How are we able to send a satellite signal so far out to space?

[jtvang125]

I was watching Roving Mars, the documentry about sending the 2 rovers to Mars, the other day and I couldn't remember how far Mars was from Earth but it said that it will take 7 months for a rover to reach Mars. There was also a 5-6 minute gap of communication delay when a signal is sent to the rover or a signal coming back from one.

Is the lack of air in space allowing us to send a signal much farther than possible than here within earth? Also what type of bandwidth are we looking at here to allowing sending back pictures and live video?

 

[f95toli]

The atmosphere does attenuate radio signals somewhat. However, the main reason why the range is so limited here on earth is simply that our planet is a sphere. Hence, in order to send a signal to something which is significantly below the horizon you need to bounce it off the ionosphere (a thin layer in the athmosphere, which fortunately reflects radiowaves). This only works for certain (long) wavelenghs and can't be used for e.g. mobile phones. However, you CAN use it for e.g. radio transmission which is how shortwave radio works (which is why you can listen to e.g. BBC everywhere).
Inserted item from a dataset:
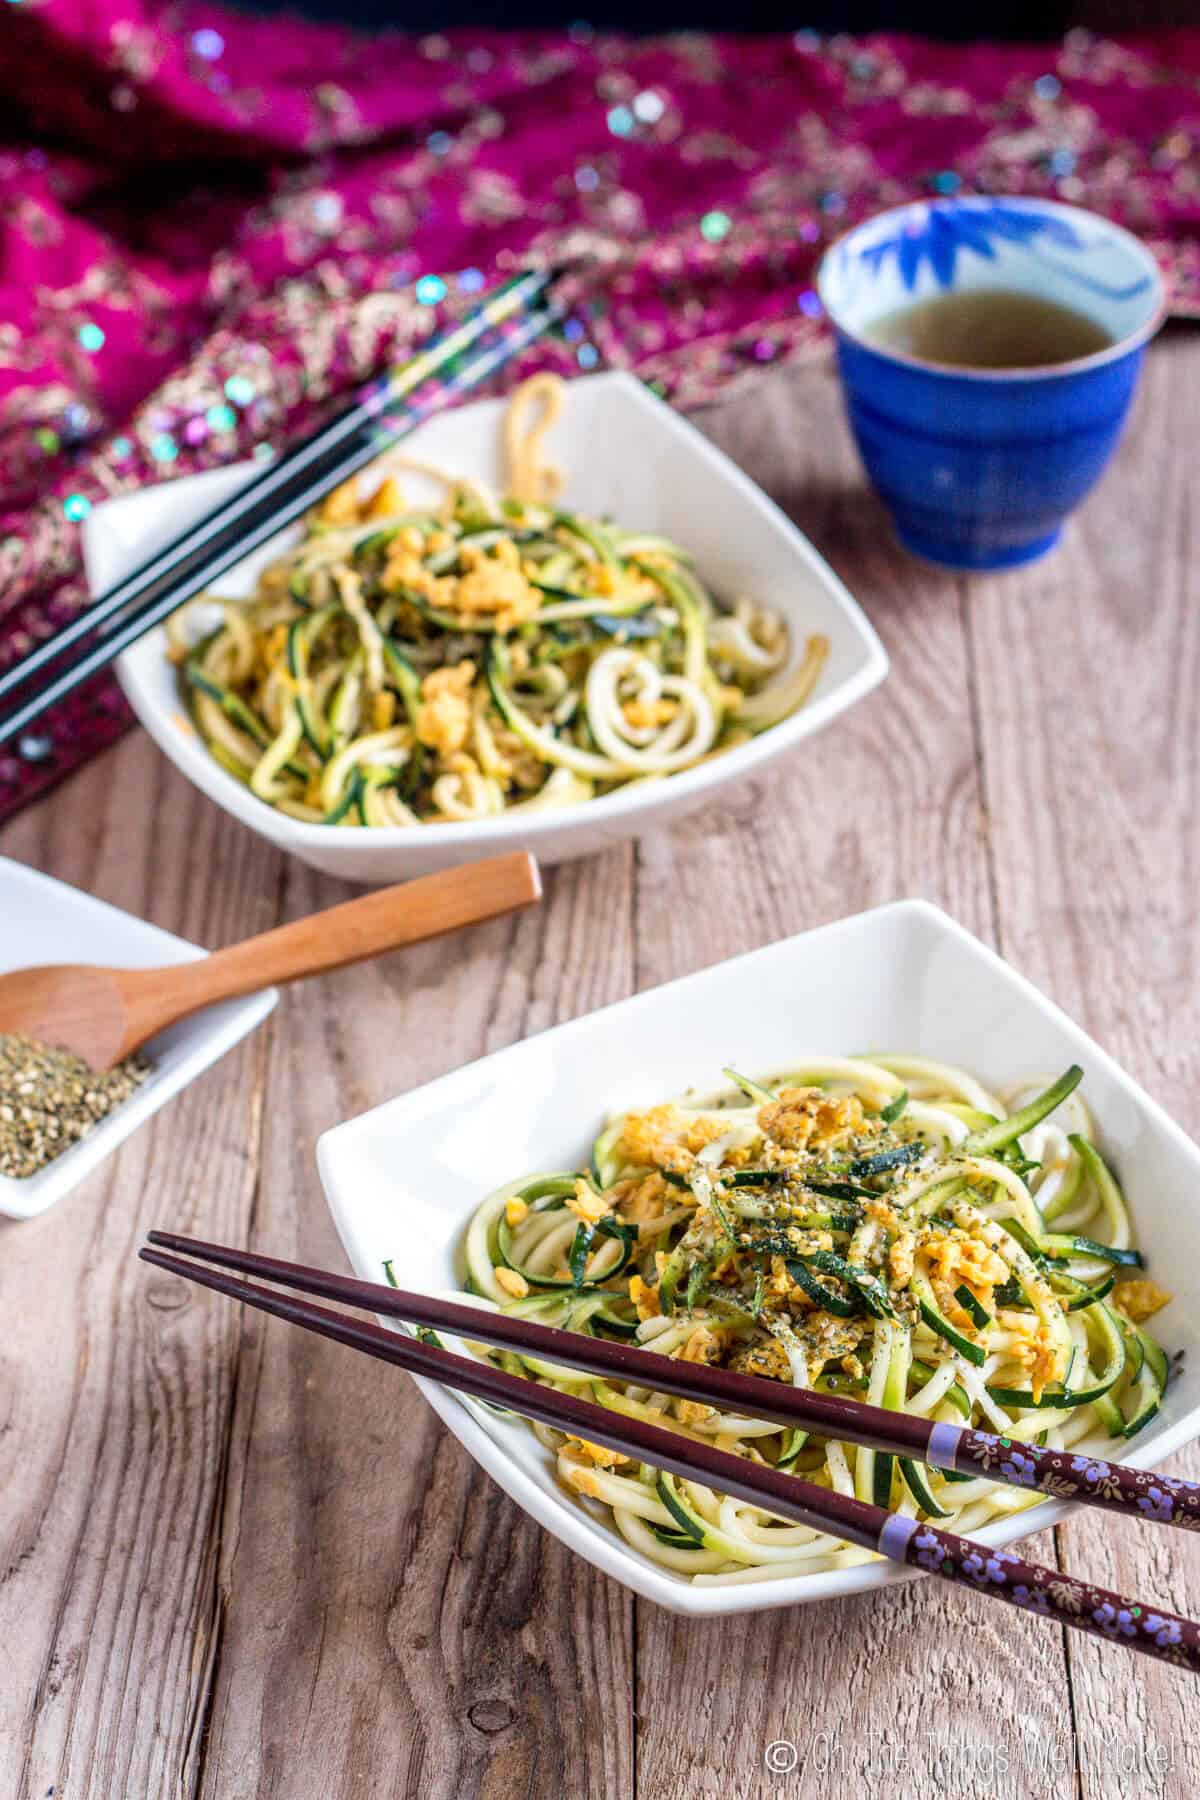 Recipe for Asian Fried Zucchini Noodles - Oh, The Things We'll Make!

Hence, it is in many ways easier to send signals to Mars as long as you have a free line-of-sight than to send them to the other side of the planet, for the latter you need a relay station of some sort.

 

[Modelworks]

Mars rover communication isn't all that tough, they had a good example to follow with the voyager probes.
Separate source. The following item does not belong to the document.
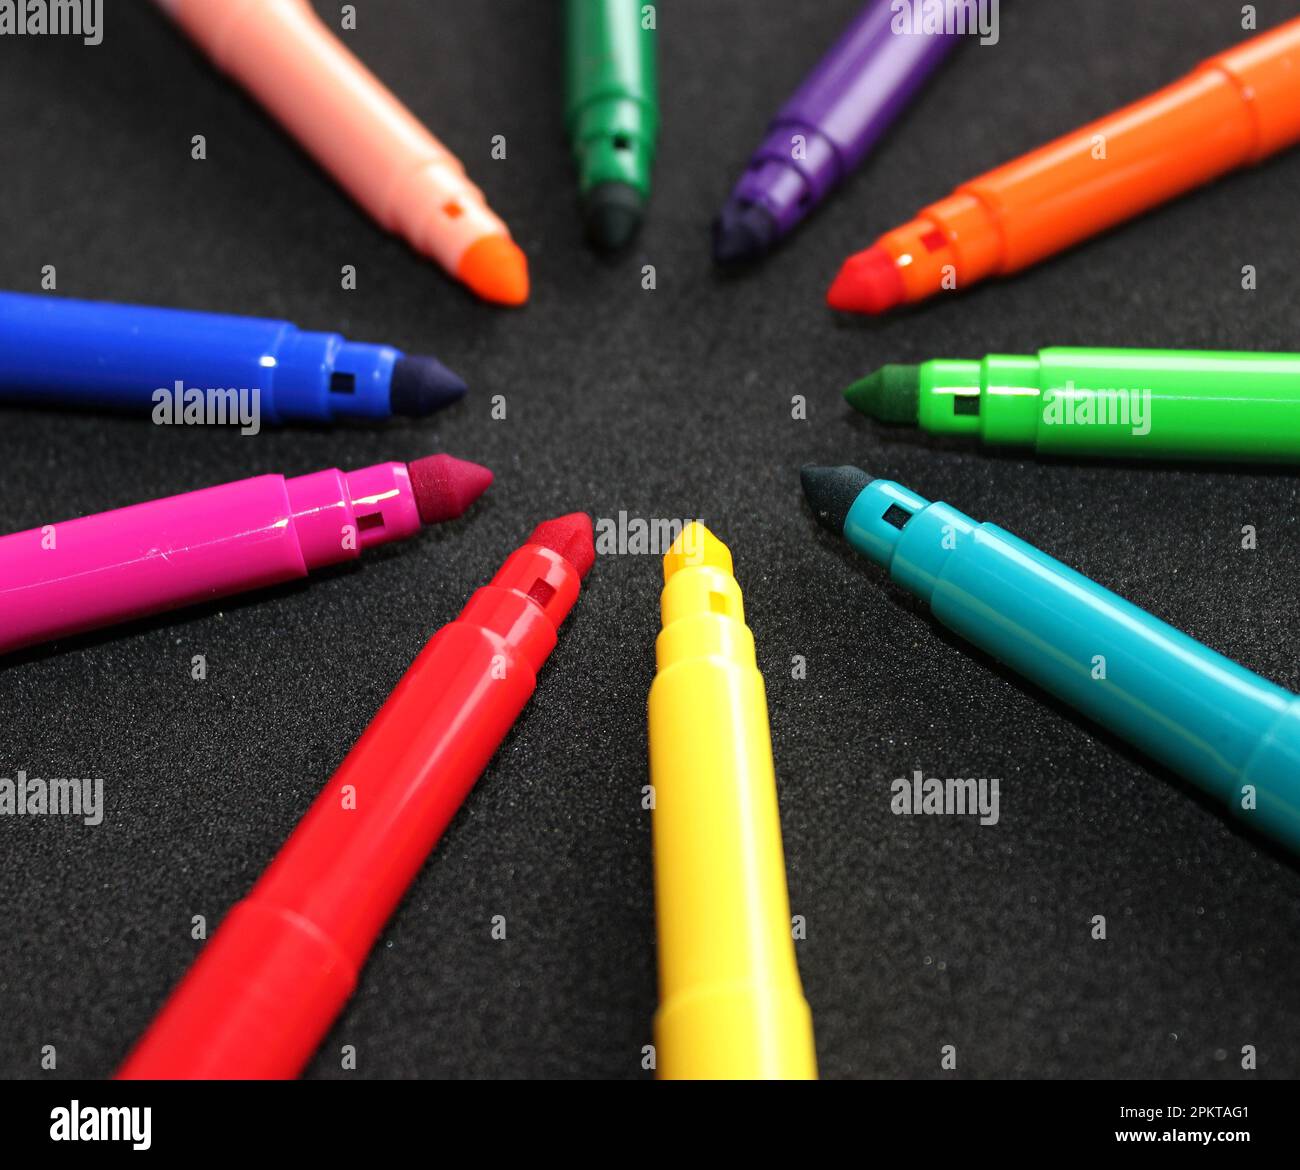 Colorful Felt Tipped Pens Without Pen Caps Like A Rays On A Black Surface Stock Photo Stock Photo

The rover cameras are 1 megapixel
Transmission of 42megabits took 6 minutes , so roughly 117Kbits/sec, or 14KB per sec.

I find the voyager probe signal even more interesting.
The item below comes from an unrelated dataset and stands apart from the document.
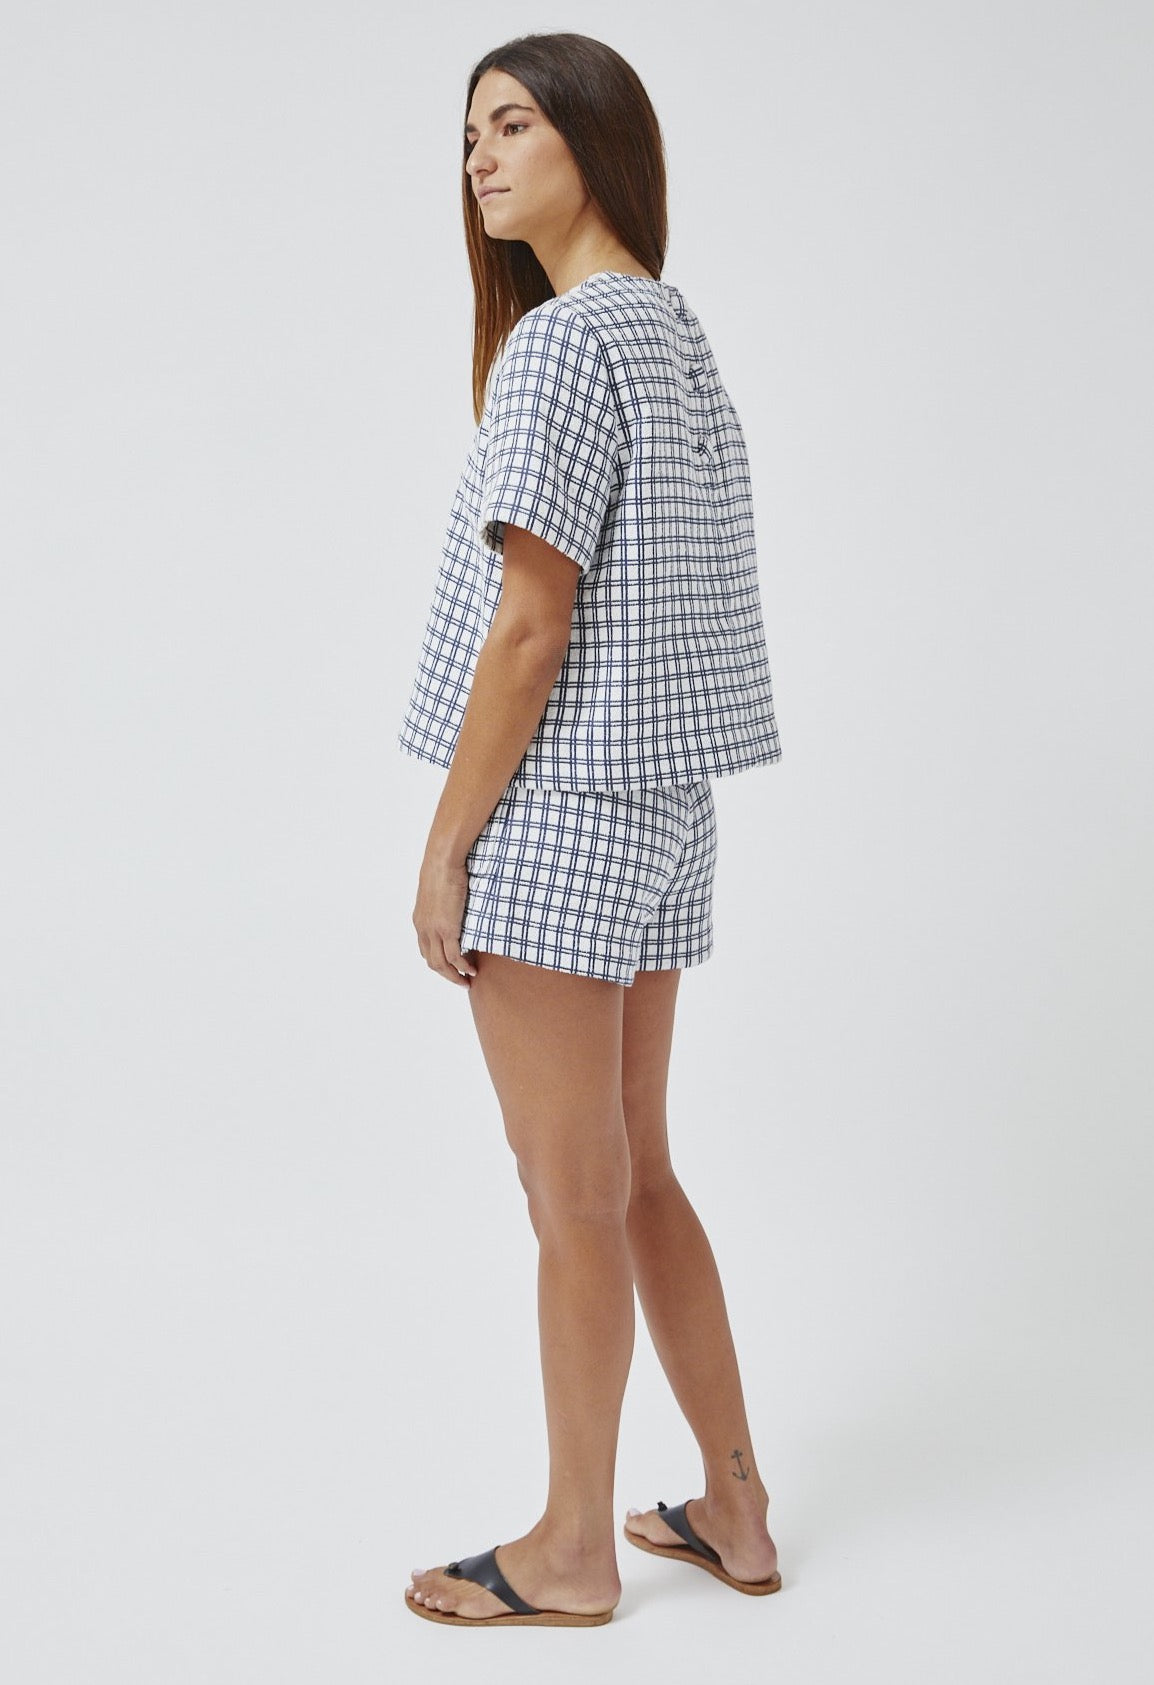 THE TRAPEZE T-SHIRT in NAVY & WHITE CHECK COTTON JACQUARD

The spacecraft are now so far from home that it takes nine hours and 36 minutes for a radio signal traveling at the speed of light to reach Earth,"said Ed B. Massey, project manager for the Voyager Interstellar Mission. "That signal, produced by a 20 watt radio transmitter, is so faint that the amount of power reaching our antennas is 20 billion times smaller than the power of a digital watch battery,"

Imagine sending a command and then waiting 19+hours to see the result.

 

[JohnCU]

Originally posted by: Modelworks
Mars rover communication isn't all that tough, they had a good example to follow with the voyager probes.

The rover cameras are 1 megapixel
Transmission of 42megabits took 6 minutes , so roughly 117Kbits/sec, or 14KB per sec.

I find the voyager probe signal even more interesting.

The spacecraft are now so far from home that it takes nine hours and 36 minutes for a radio signal traveling at the speed of light to reach Earth,"said Ed B. Massey, project manager for the Voyager Interstellar Mission. "That signal, produced by a 20 watt radio transmitter, is so faint that the amount of power reaching our antennas is 20 billion times smaller than the power of a digital watch battery,"

Imagine sending a command and then waiting 19+hours to see the result.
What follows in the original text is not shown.